Despite registering strong profits across board for the first three quarters of 2020, listed banks on the Ghana Stock Exchange continue to see a drop in their valuation.
The Ghana Stock Exchange Composite Index (GSE-CI), which is primarily driven by financial and consumer stocks, has experienced losses for the past three years, with the current year to date loss for the entire index being about 18.6 percent, while the year to date loss for listed financial sector stocks is about 18.2 percent.
The trend has forced some investors to choose bonds over stocks.
According to recently released unaudited results for many banks on the local bourse covering January to September 2020, they recorded an average increase in profit for the period under review of about 13 percent.
On the Ghana Stock Exchange however, institutions like GCB Bank, CAL Bank, Ecobank Ghana, SGSSB, and Access Bank, all saw their valuation for the same period under review, drop by an average of about 17 percent.
But according to the Deputy Managing Director of the Ghana Stock Exchange, Abena Amoah, investors are starting to take note of the impressive performance of the listed companies especially the financial sector stocks, and are returning to the equities market.
“We’ve started seeing demand pressure building up, and also the share prices of many of the companies have stabilized compared to the downward trend earlier in the year when the bargain hunters set in. So for the market, we are very confident going forward that we have bottomed out on the equities side.”
“Also the companies we realized were showing much better profits than we had anticipated, were especially in the banking, insurance, and telecommunications sector.
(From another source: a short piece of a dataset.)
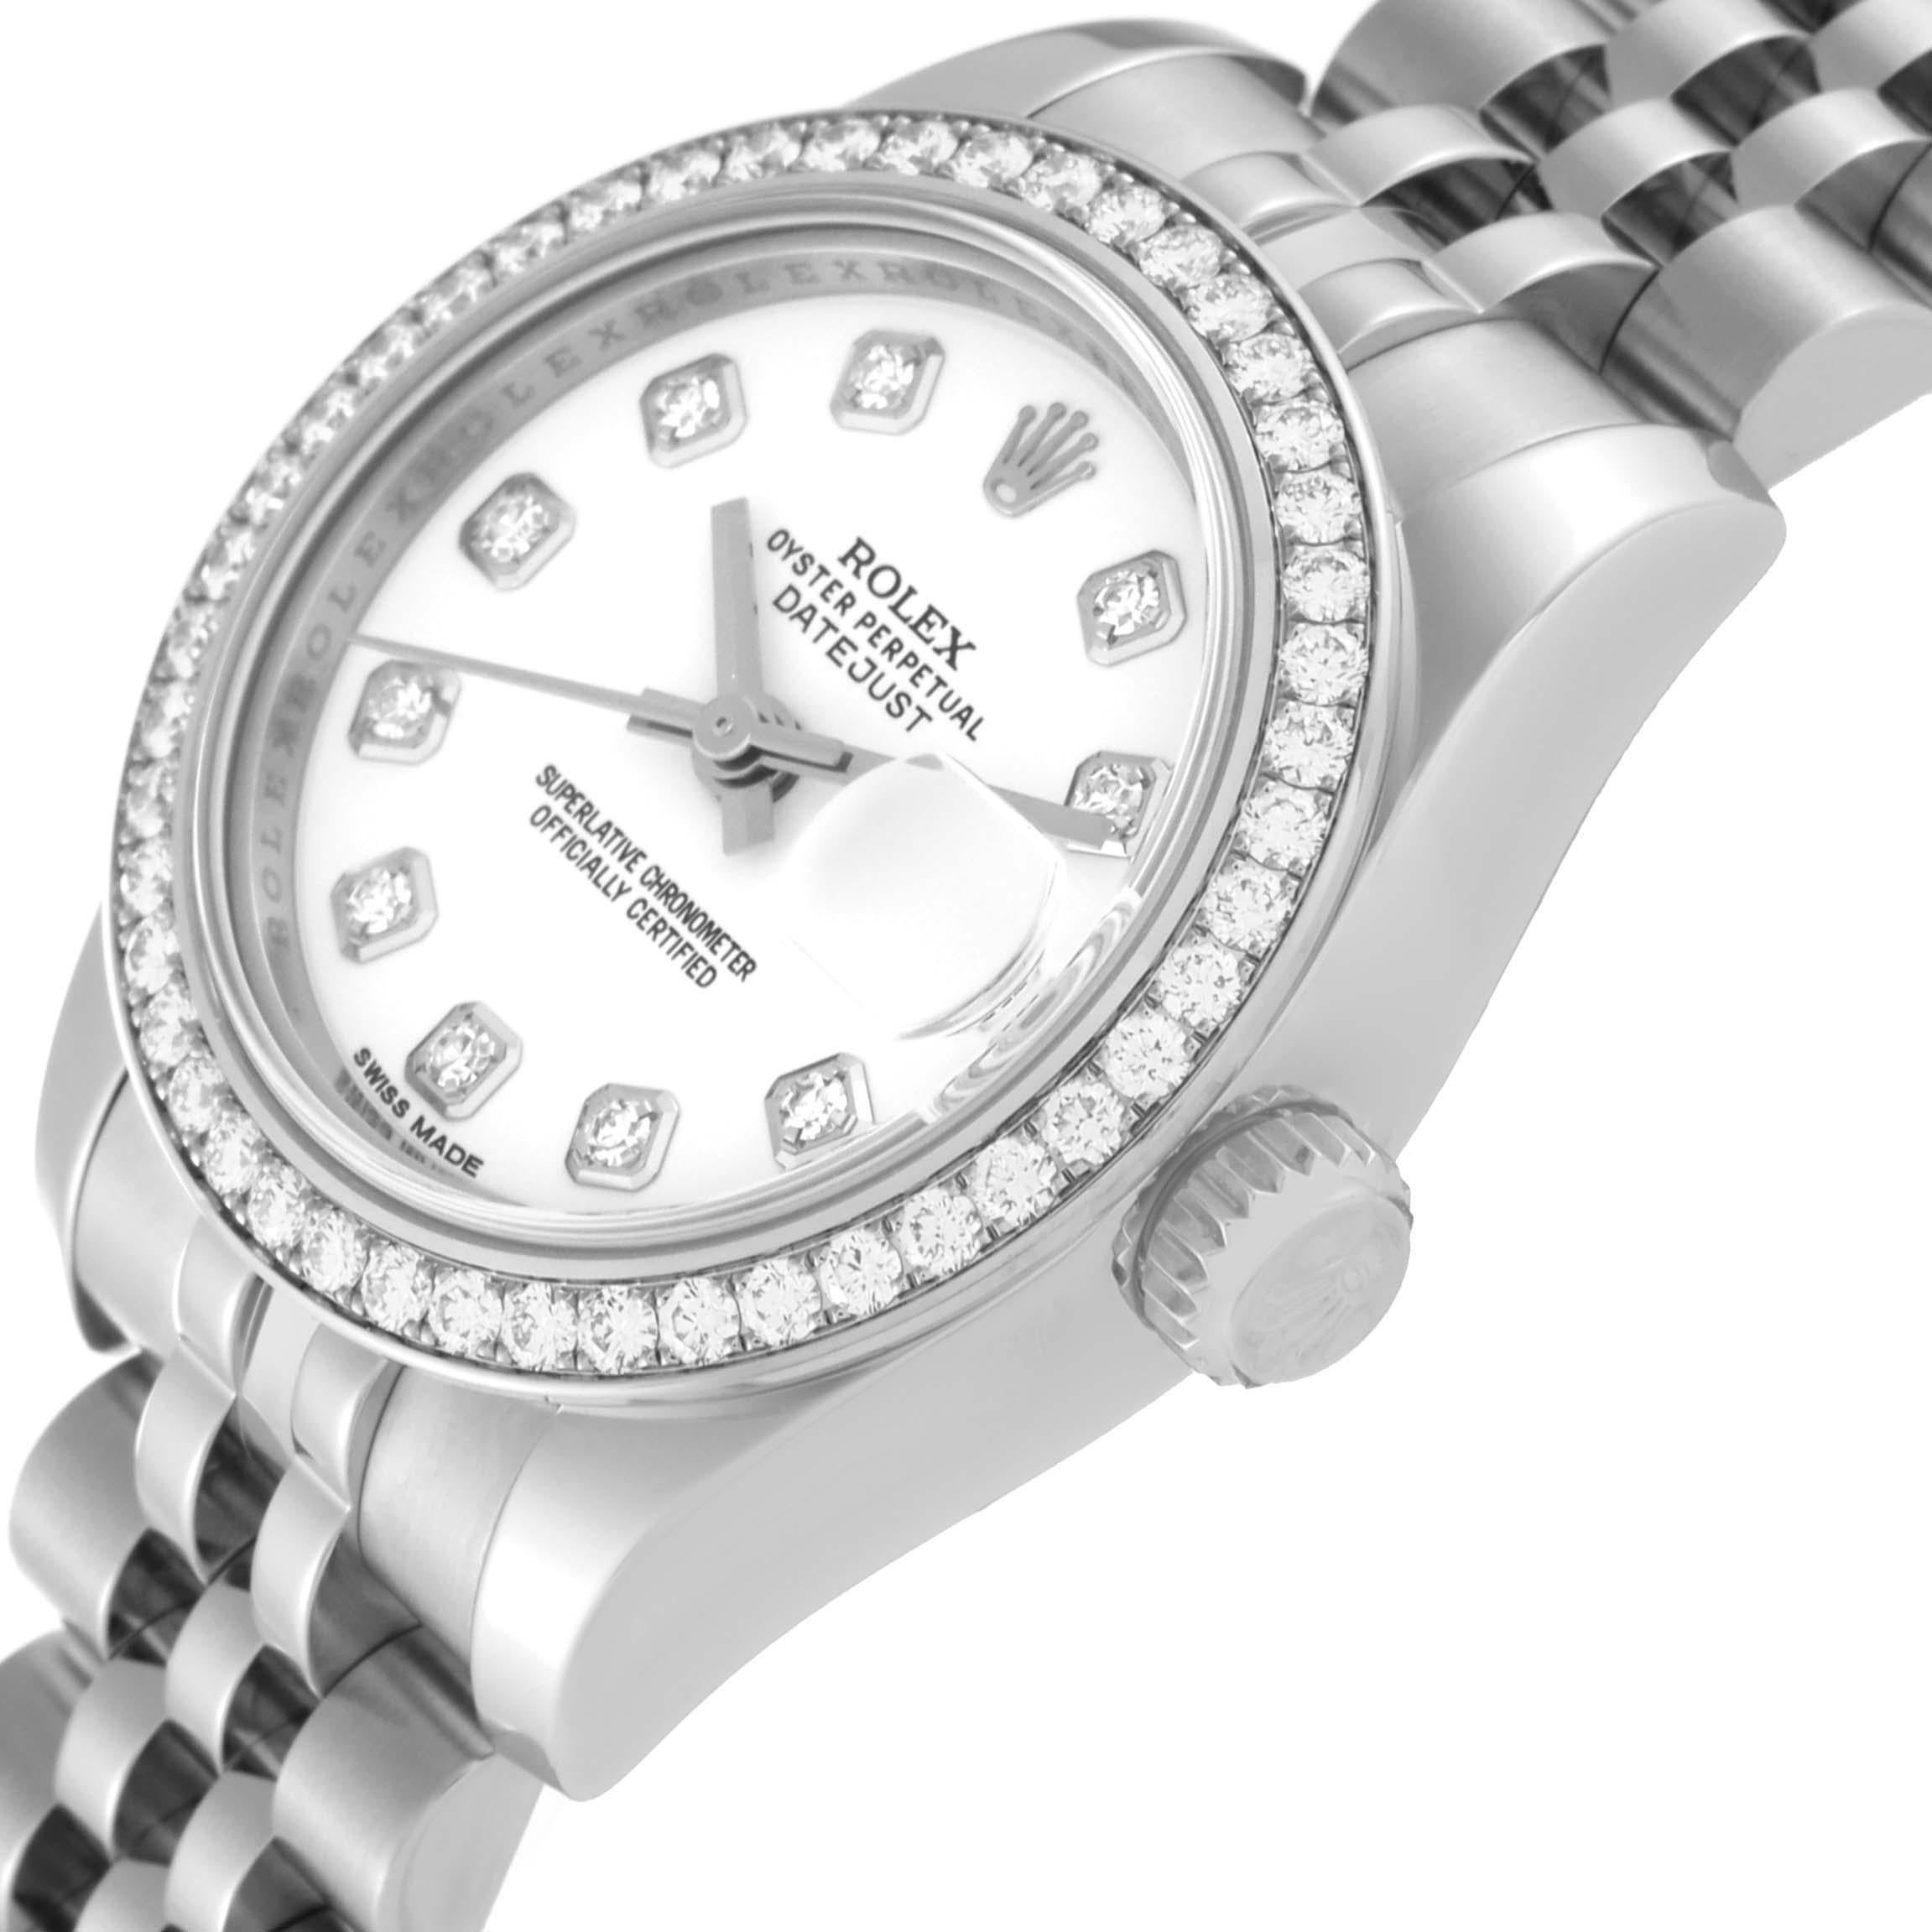 Women's Rolex Datejust 26 Steel White Gold Diamond Ladies Watch 179384 Box Card For Sale

So that has made them begin to look attractive again to investors and we see investors coming back unto the equities market,” she added.
Industry watchers blame COVID-19 for continuous uncertainty
For many industry watchers however, the pricing and valuation of the listed stocks does not reflect the strong fundamentals of the companies.
A key reason for the disparity is the uncertainty generated by the COVID-19 pandemic, forcing investors to turn to the fixed income market.